First it’s the hardest rocking song on the album with driving electric guitars and pounding drums and second the lyrics are direct and to the point: "There are leaders who lead/our leaders prefer to deceive/As our oceans they rise, they rise/still they choose to deny". Well you can't get more direct than that can you?

Just when you think the song is ending though, he catches us off guard. The guitars are screaming, the drums pounding and as they fade we hear the sound of a rain stick – which in turn becomes the sound of the Native heartbeat drum. What began in anger ends in prayer as Kennetch Charlette of the Cree nation in Canada sings a closing invocation to Gitchie Manitou – roughly translated as Great Spirit.

The prayer is short and sweet and does not seem to have any specific purpose beyond serving as a means of making sure the song is closed.
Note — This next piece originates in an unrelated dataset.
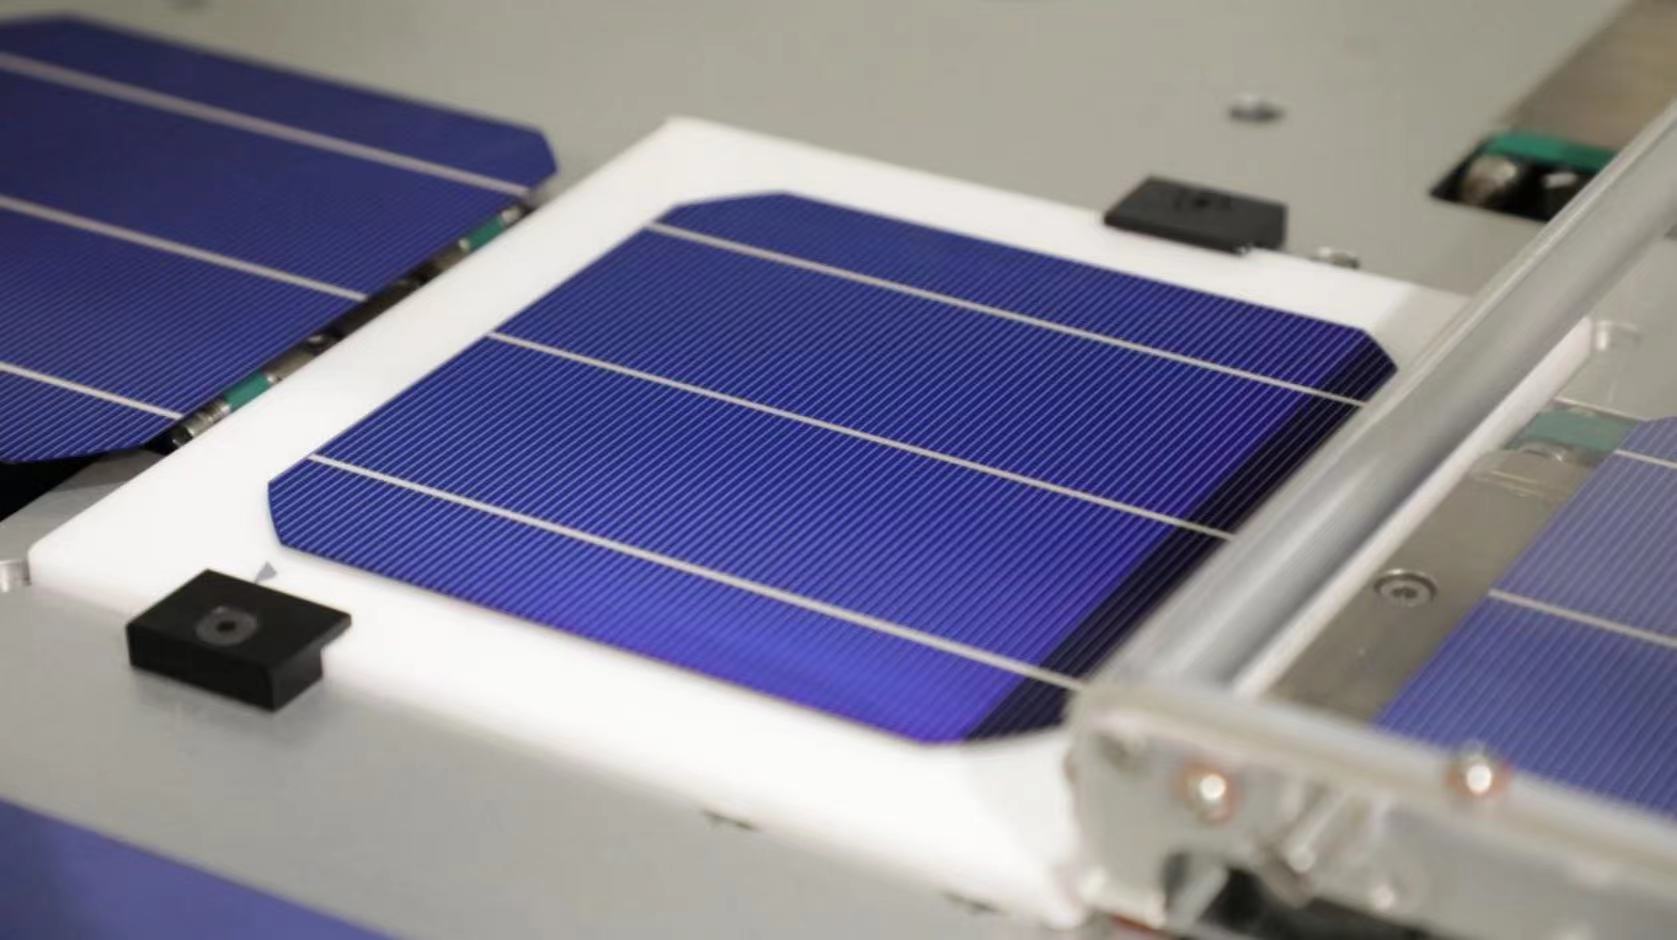 What are the opportunities and challenges faced by metallized pastes for TOPCon Solar Cells?

It's as if Xaiver Rudd doesn't want the anger of the song to permeate the rest of the disc or to escape into the world. It's very easy to get trapped and wrapped up in anger at things and forget what's important, and by closing the song off with the prayer he lets us move on to the remainder of the disc without any hangover.

That in itself tells you all you need to know about Xaiver Rudd: he considers the implications of everything he does. It is said that some Native nations won't make important decisions without considering the implications for the next seven generations. It's that philosophy of considering the effects of your actions upon the world that runs throughout Mr. Rudd's songs.

It may not be anything overt, but behind all the lyrics and the music there's a mind that considers what it is saying and the effect that it will have on the person listening. He has something important to say, but what's even more important to him is how he says it. What's the point of talking about how sacred the land is if you can't express it with love in your heart?

What message are you delivering to people if you continually barrage them with anger and unhappiness? In the first song on the album "Better People" he says "…our children keep growing up with/what they know from what we teach/and what they see…" I've never heard any other popular singer whose lyrics and musical attitude reflects that concern as much as Xavier Rudd.

In White Moth Xavier Rudd draws upon the resources available to him from both the land of his birth and Canada to learn about the sacredness of the land. In his songs he talks not only about how important the planet is, but also how important it is that we act in a manner that we would like our children to emulate.

That's pretty heavy stuff for a pop musician, but he does it without preaching or without any of the holier than thou attitude that you get from to often these days. He sings from his heart without pretence about who he is and what he wants from life and is never sentimental or sappy. White Moth is a great CD by a very gifted individual who actually makes me feel hope for the future.

Thank You Xavier Rudd for this wonderful gift that you've offered us.